Bu akşam Gezi Parkı’nda toplandı herkes. Ben de gittim. Sabah yapılan gaz bombalamalarının psikolojik etkisiyle zaten doğru dürüst çalışabilmiş değildim ve midem sürekli bulanıyordu. Hazmedemedim olanları, koskoca bir başbakanın yönettiği insanlara bu şekilde davranmasını anlayamıyorum zaten baştan beri. Eskilerin ‘havsalam almıyor’ dedikleri cinsten bir durum bu. Bacaklarım ağırlaştı, tüm bedenimin fişi çekilmiş gibi ağırlaştı hareketlerim. Korkunun ecele faydası yok, orada olmalıyım dedim, aslında bir ışık işçisiyim ben. Enerjiye kanallık ederim, şifacılık rolümü iyi yapmaya çalışırım.
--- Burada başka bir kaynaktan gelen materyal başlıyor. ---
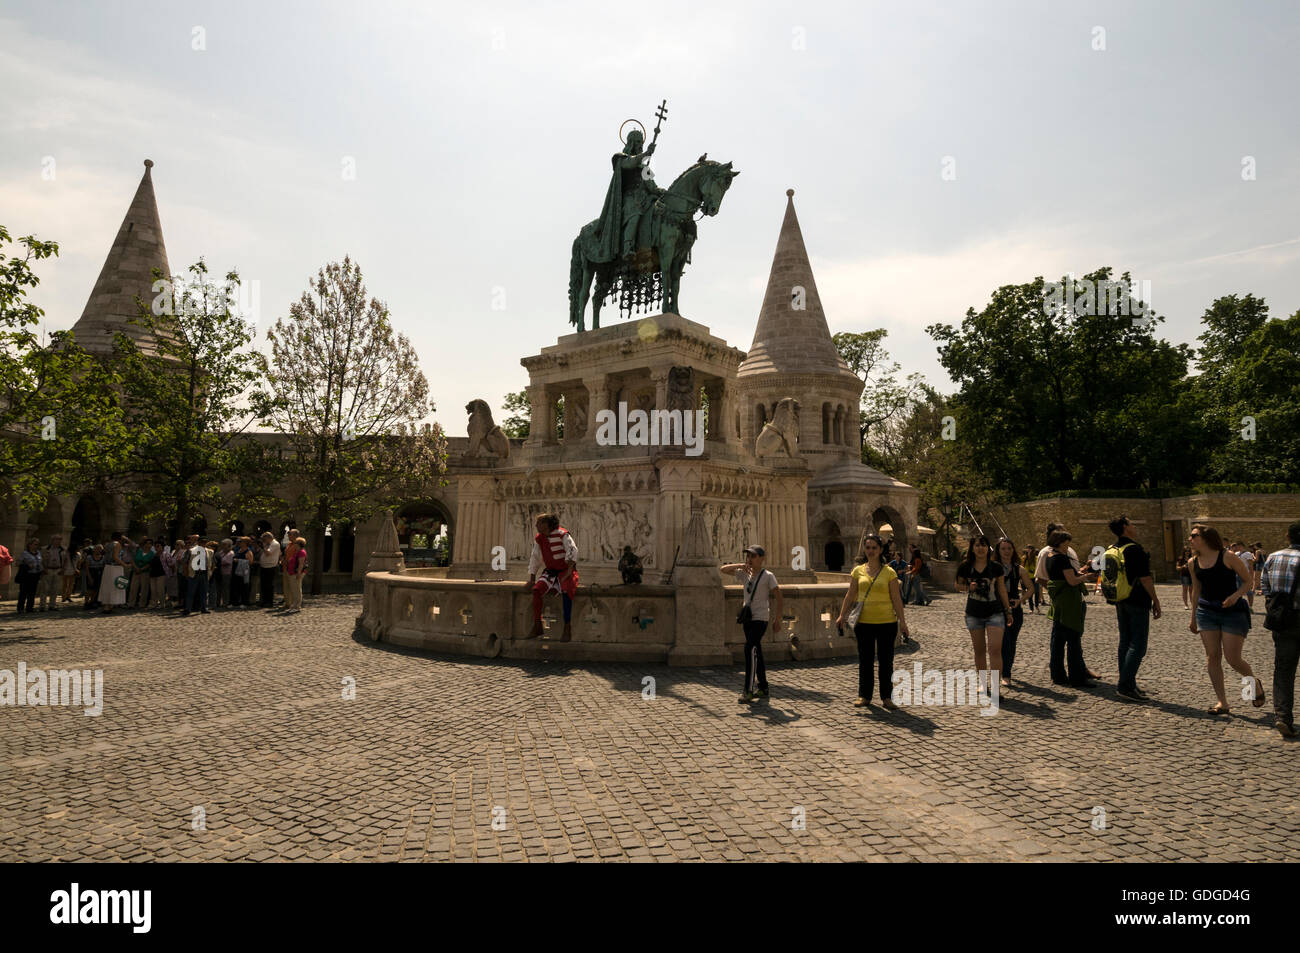 A statue of Saint Stephen, Grand Prince of the Hungarians and the first King of Hungary in the Fishermen's Bastion close to the Stock Photo

Ülkenin bir çok yerinde insanlar belli saatlerde ülkemizin en yüksek hayrına şifa vermek için birleşiyorlar, ama benim bir yandan da hareket halinde olmam gerekli, orada arkadaşlarım var. Yoldan birkaç maske, bir deniz gözlüğü, sargı bezi aldım. Parka doğru ilerleyen kalabalığa karıştım ve arkadaşlarımla buluştum. Birlikte parka gittik. Sohbet edip gülüşürken bir yandan basın açıklamasını bekliyorduk. Uzun süredir görmediğim arkadaşlarımı da gördüm. Herkes sakindi.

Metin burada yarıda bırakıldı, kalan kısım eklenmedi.